[DATA TO USE]
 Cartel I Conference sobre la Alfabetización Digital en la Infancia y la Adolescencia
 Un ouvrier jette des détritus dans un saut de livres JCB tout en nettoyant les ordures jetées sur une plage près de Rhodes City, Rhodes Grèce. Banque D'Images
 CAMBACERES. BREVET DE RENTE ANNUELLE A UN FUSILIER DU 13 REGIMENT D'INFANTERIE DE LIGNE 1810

--

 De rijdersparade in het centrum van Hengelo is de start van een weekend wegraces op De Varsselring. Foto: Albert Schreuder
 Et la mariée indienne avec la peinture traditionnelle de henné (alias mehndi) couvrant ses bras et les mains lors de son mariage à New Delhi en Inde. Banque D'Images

---

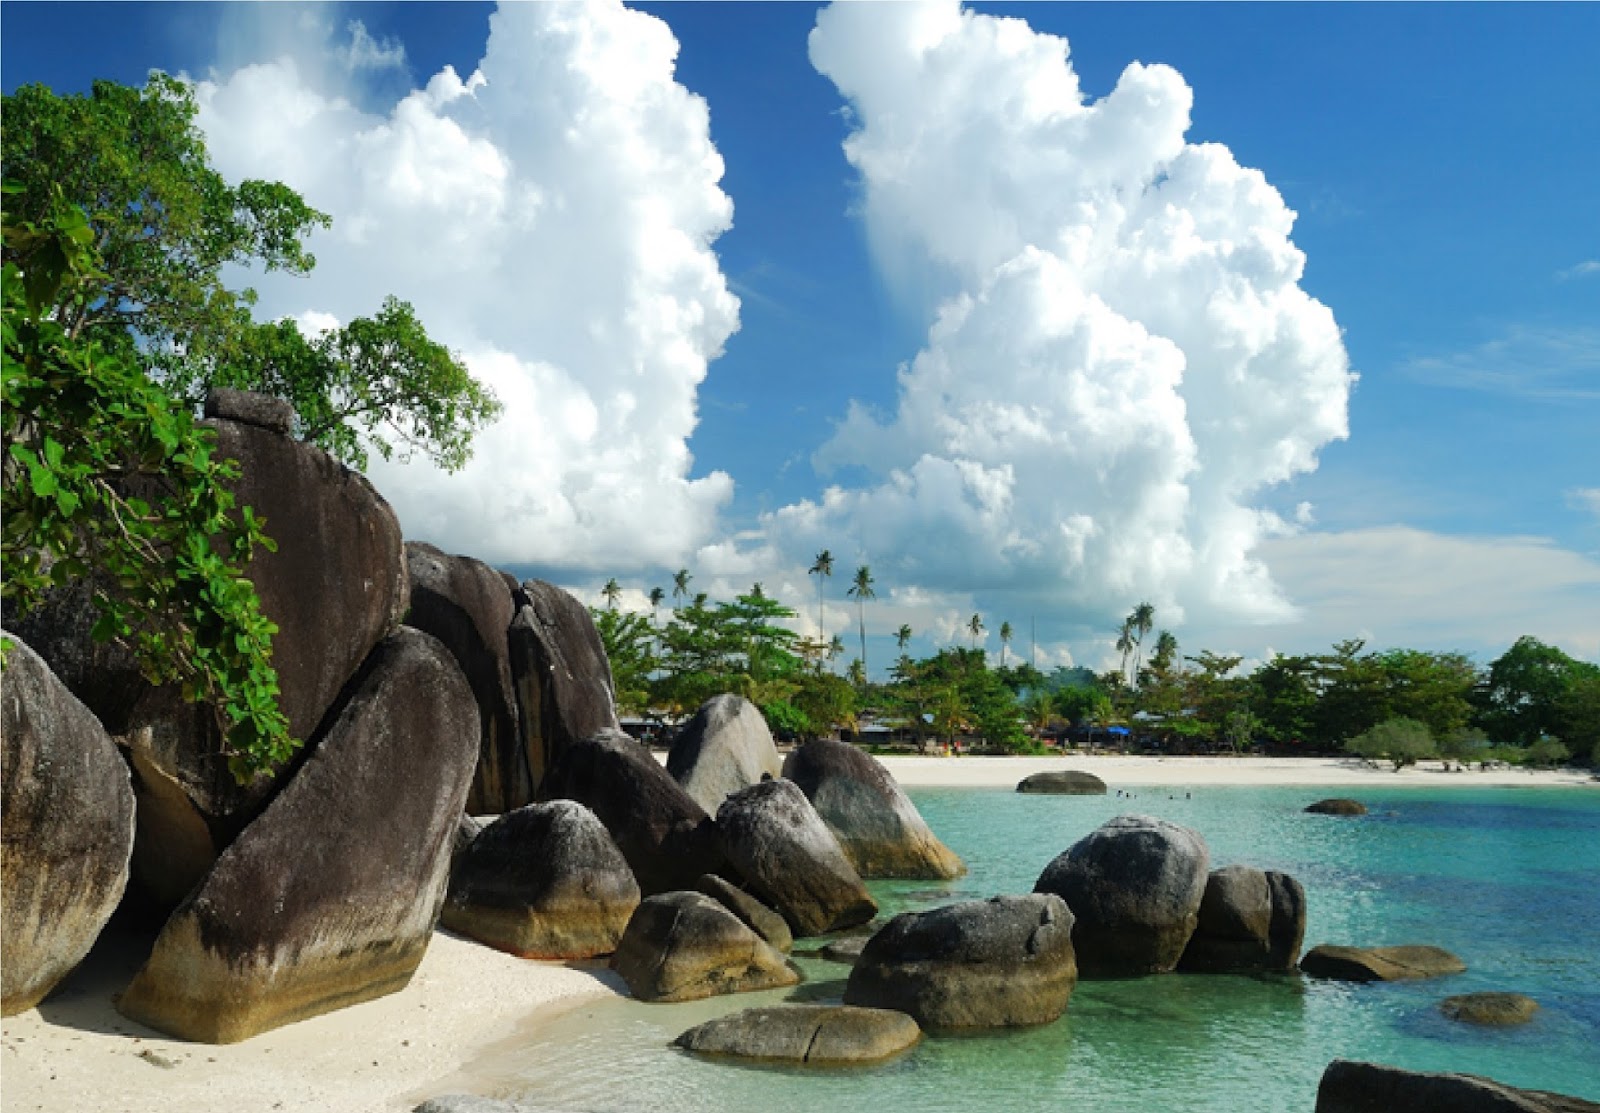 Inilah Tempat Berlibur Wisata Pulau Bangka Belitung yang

[PROMPT] When you reach the line in the material above that holds "Un ouvrier jette", begin reproducing lines exactly, and stop after the line that holds "CAMBACERES. BREVET DE".

[PROBLEM SOLUTION]
 Un ouvrier jette des détritus dans un saut de livres JCB tout en nettoyant les ordures jetées sur une plage près de Rhodes City, Rhodes Grèce. Banque D'Images
 CAMBACERES. BREVET DE RENTE ANNUELLE A UN FUSILIER DU 13 REGIMENT D'INFANTERIE DE LIGNE 1810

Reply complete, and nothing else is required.